### Work instruction:
Copy the listing below exactly, but skip the pictures.
** Available data follows **
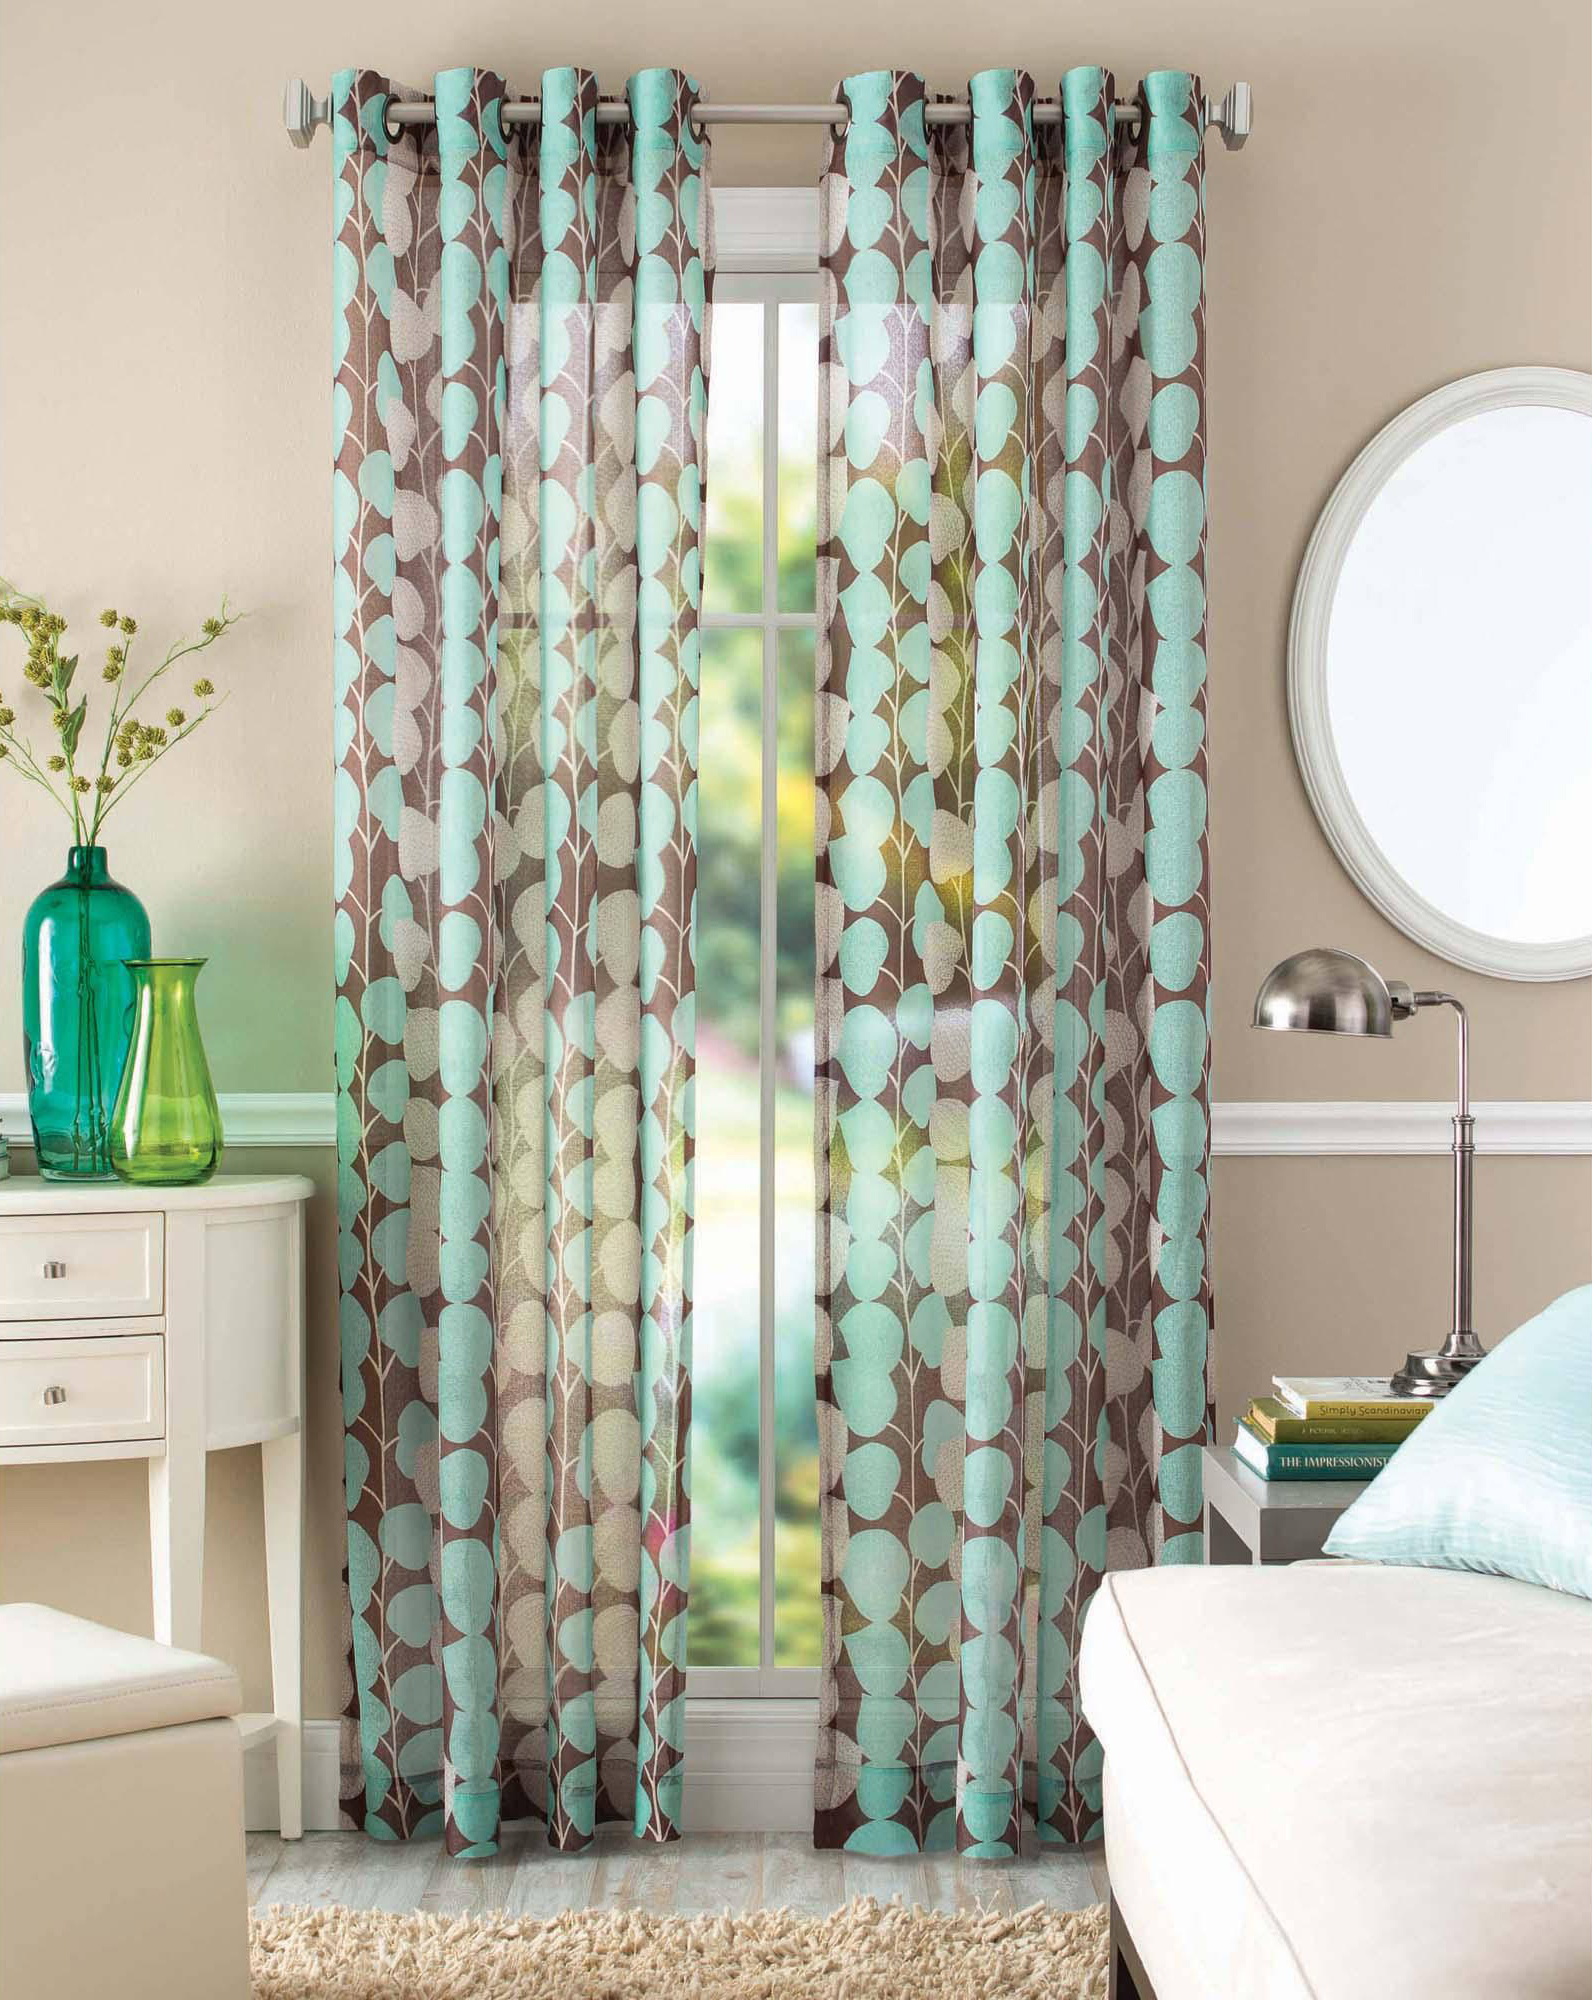 Better Homes and Garden Vine Leaf Curtain Panel
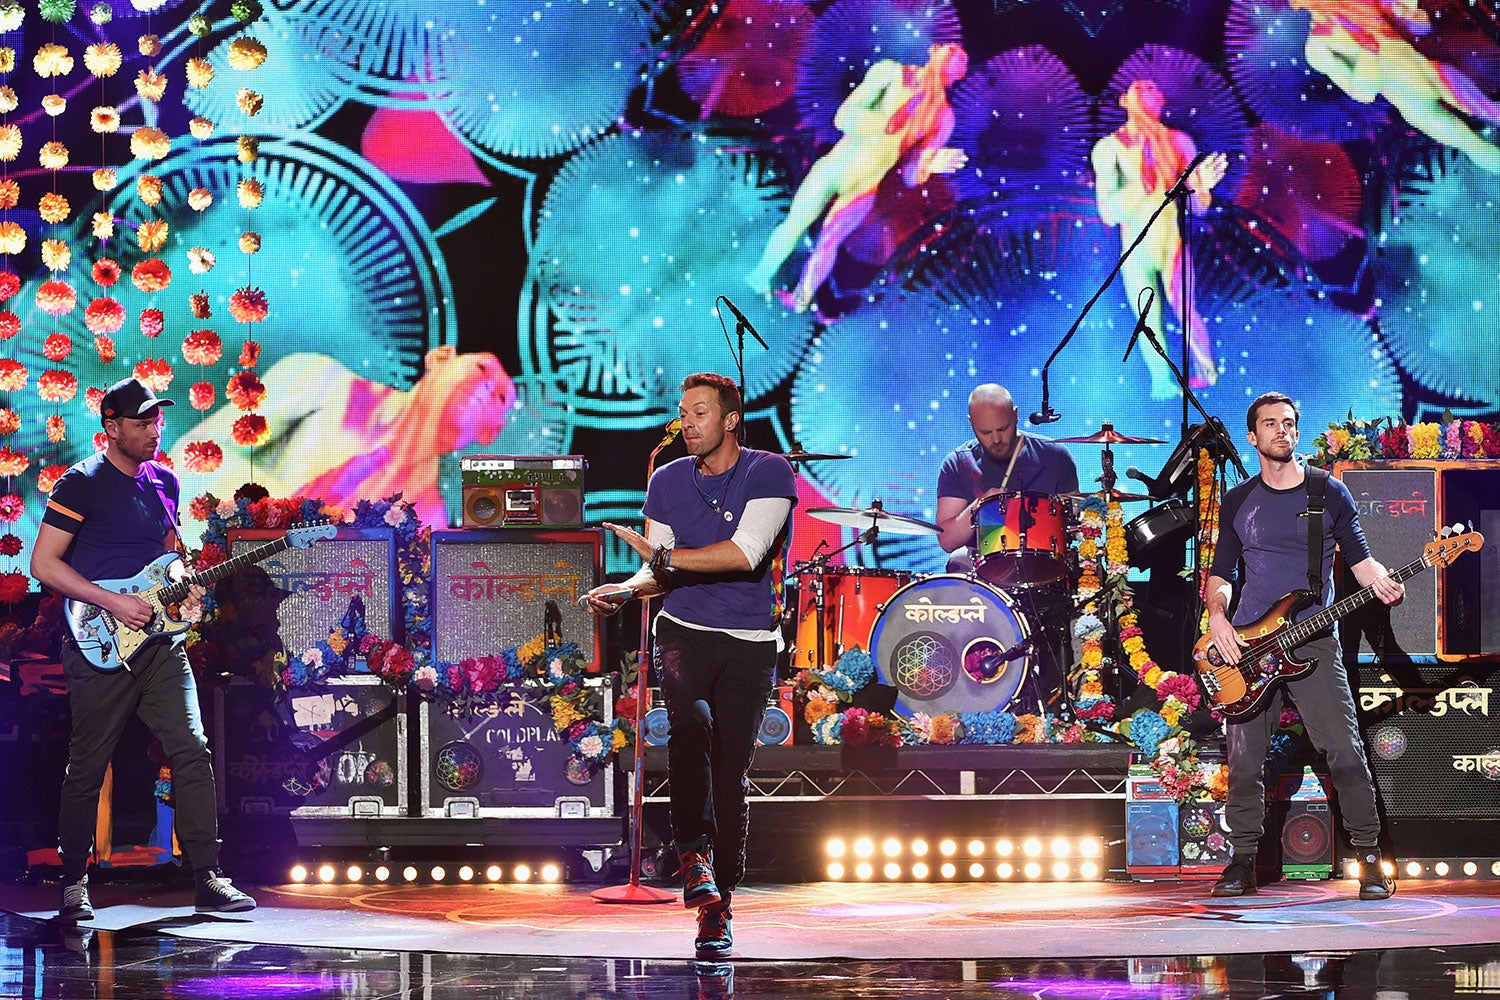 coldplay wallpaper,performance,entertainment,drums,musician,drum
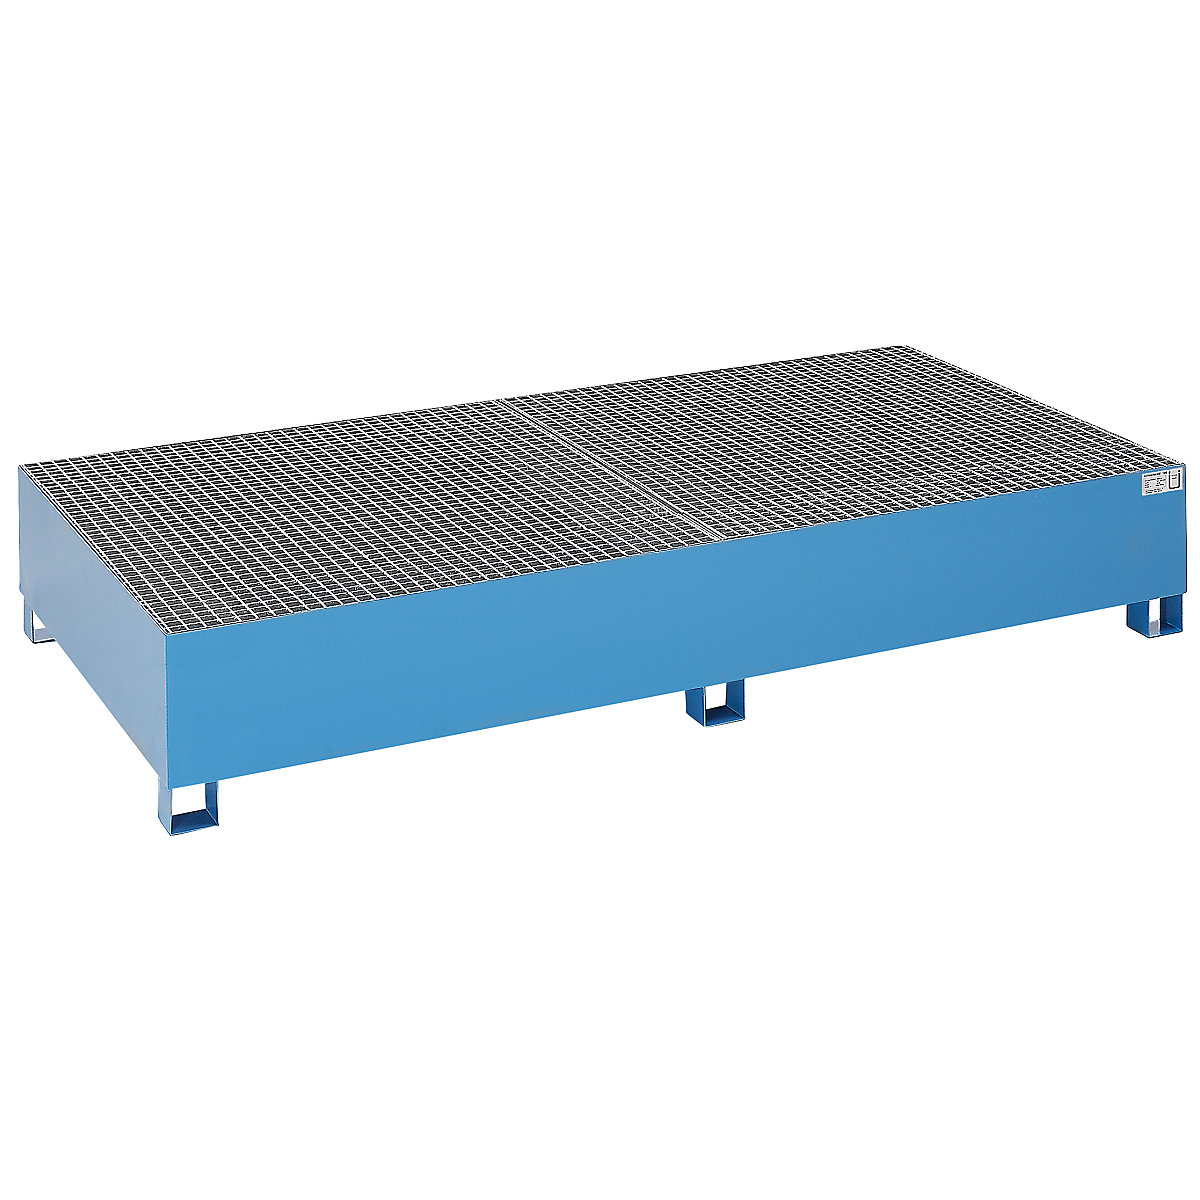 Steel sump tray for IBC/CTC tank containers – eurokraft basic
** End of Available data **
### Task result:
 Better Homes and Garden Vine Leaf Curtain Panel
 coldplay wallpaper,performance,entertainment,drums,musician,drum
 Steel sump tray for IBC/CTC tank containers – eurokraft basic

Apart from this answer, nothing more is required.